───── Data
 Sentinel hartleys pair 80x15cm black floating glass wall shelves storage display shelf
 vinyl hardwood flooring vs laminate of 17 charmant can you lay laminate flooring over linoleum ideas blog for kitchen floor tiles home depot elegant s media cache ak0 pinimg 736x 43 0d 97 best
──────────
───── Data
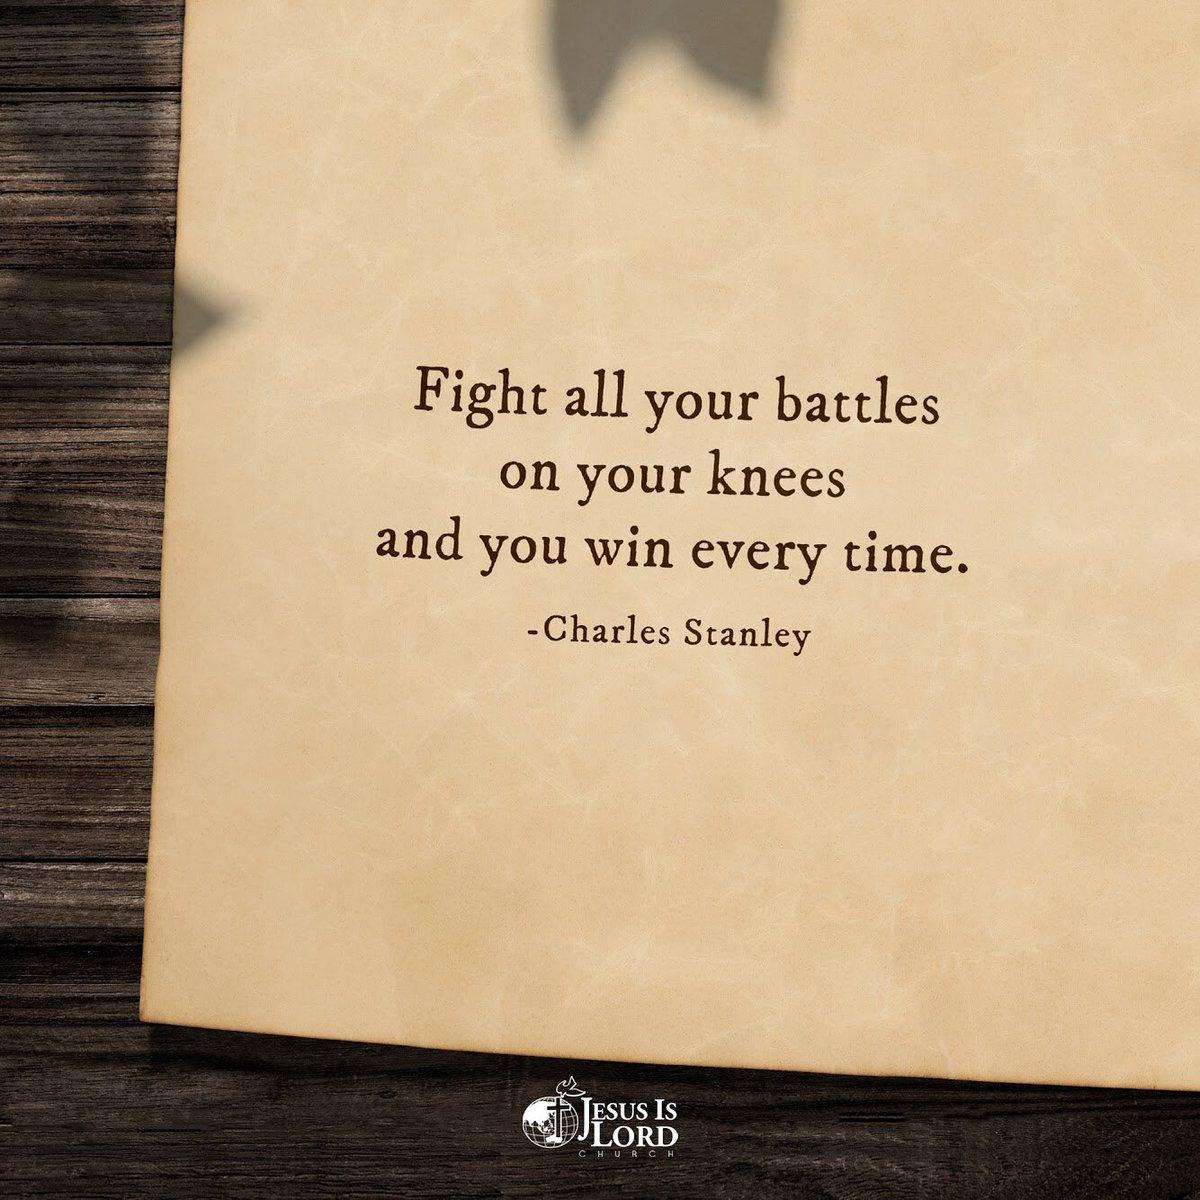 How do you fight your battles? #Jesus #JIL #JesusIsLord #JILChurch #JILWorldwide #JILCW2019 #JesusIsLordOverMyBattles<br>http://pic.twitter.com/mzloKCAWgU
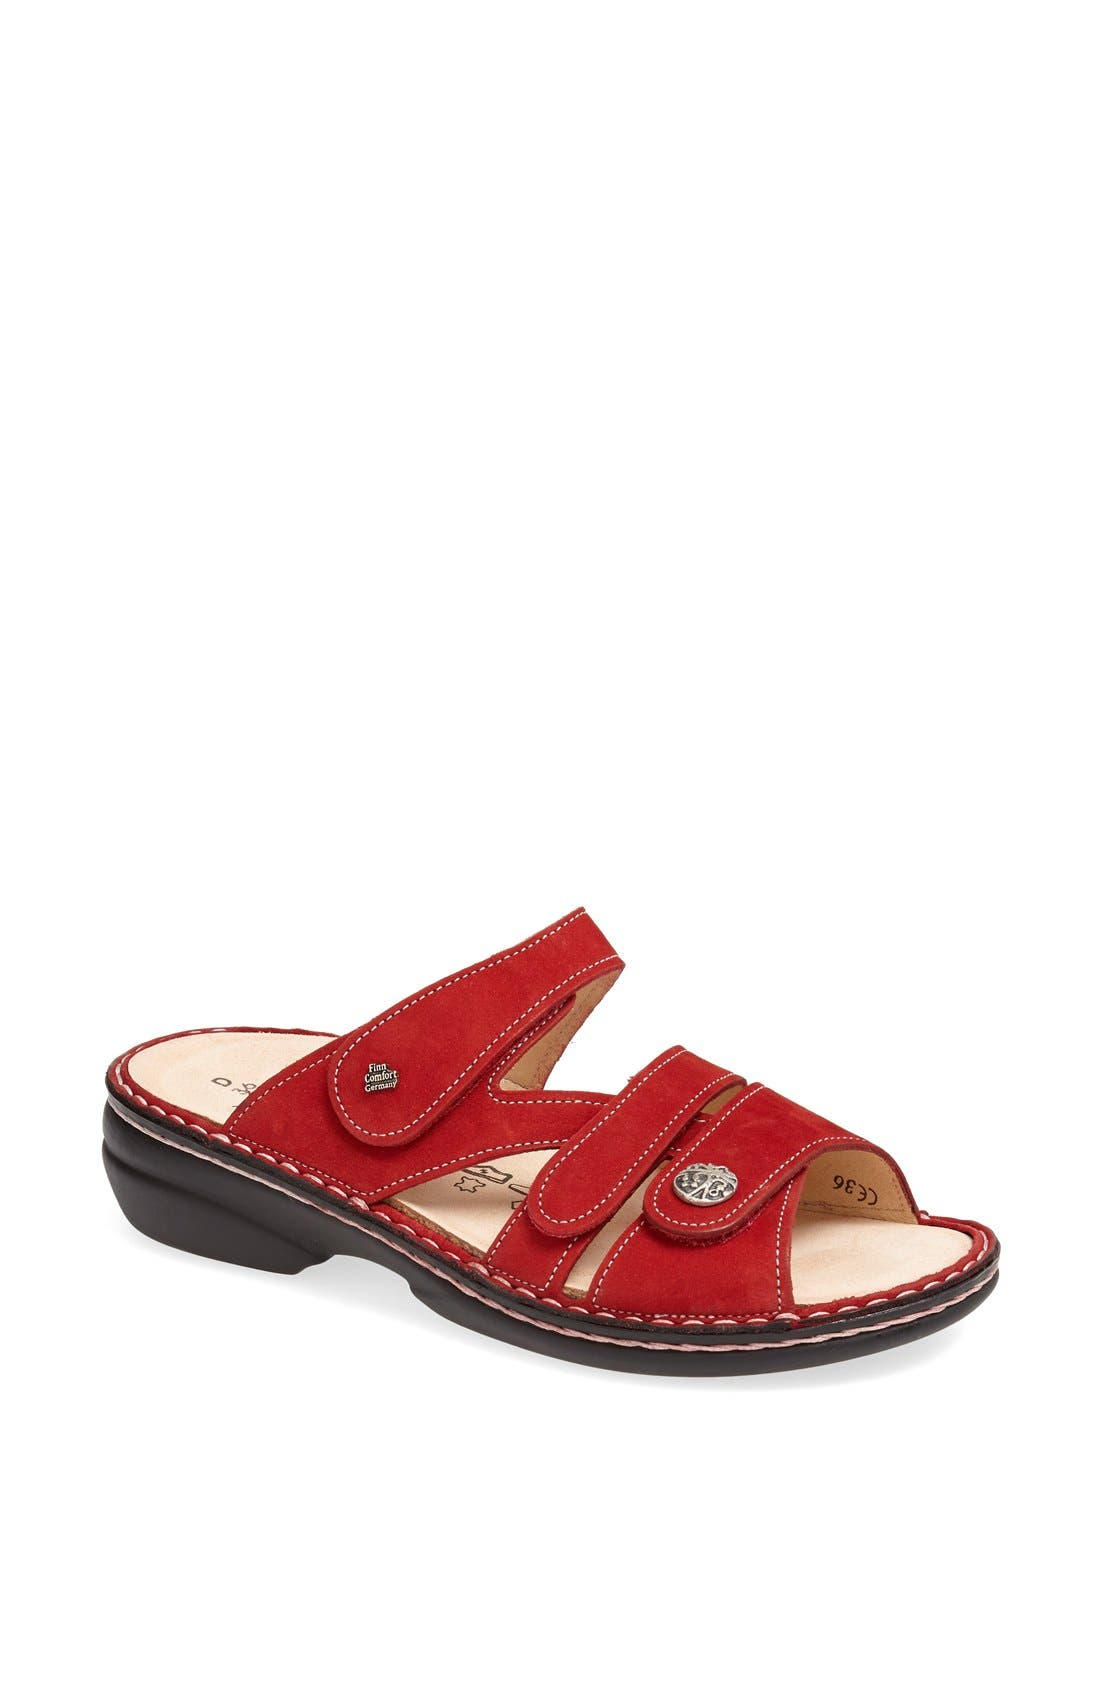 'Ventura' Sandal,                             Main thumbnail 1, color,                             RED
──────────
Assigned task
In the listing above, locate the line containing "Sentinel hartleys pair" and the line containing "vinyl hardwood flooring". Transcribe those two lines and everything between them, exactly as written.

Exercise result
 Sentinel hartleys pair 80x15cm black floating glass wall shelves storage display shelf
 vinyl hardwood flooring vs laminate of 17 charmant can you lay laminate flooring over linoleum ideas blog for kitchen floor tiles home depot elegant s media cache ak0 pinimg 736x 43 0d 97 best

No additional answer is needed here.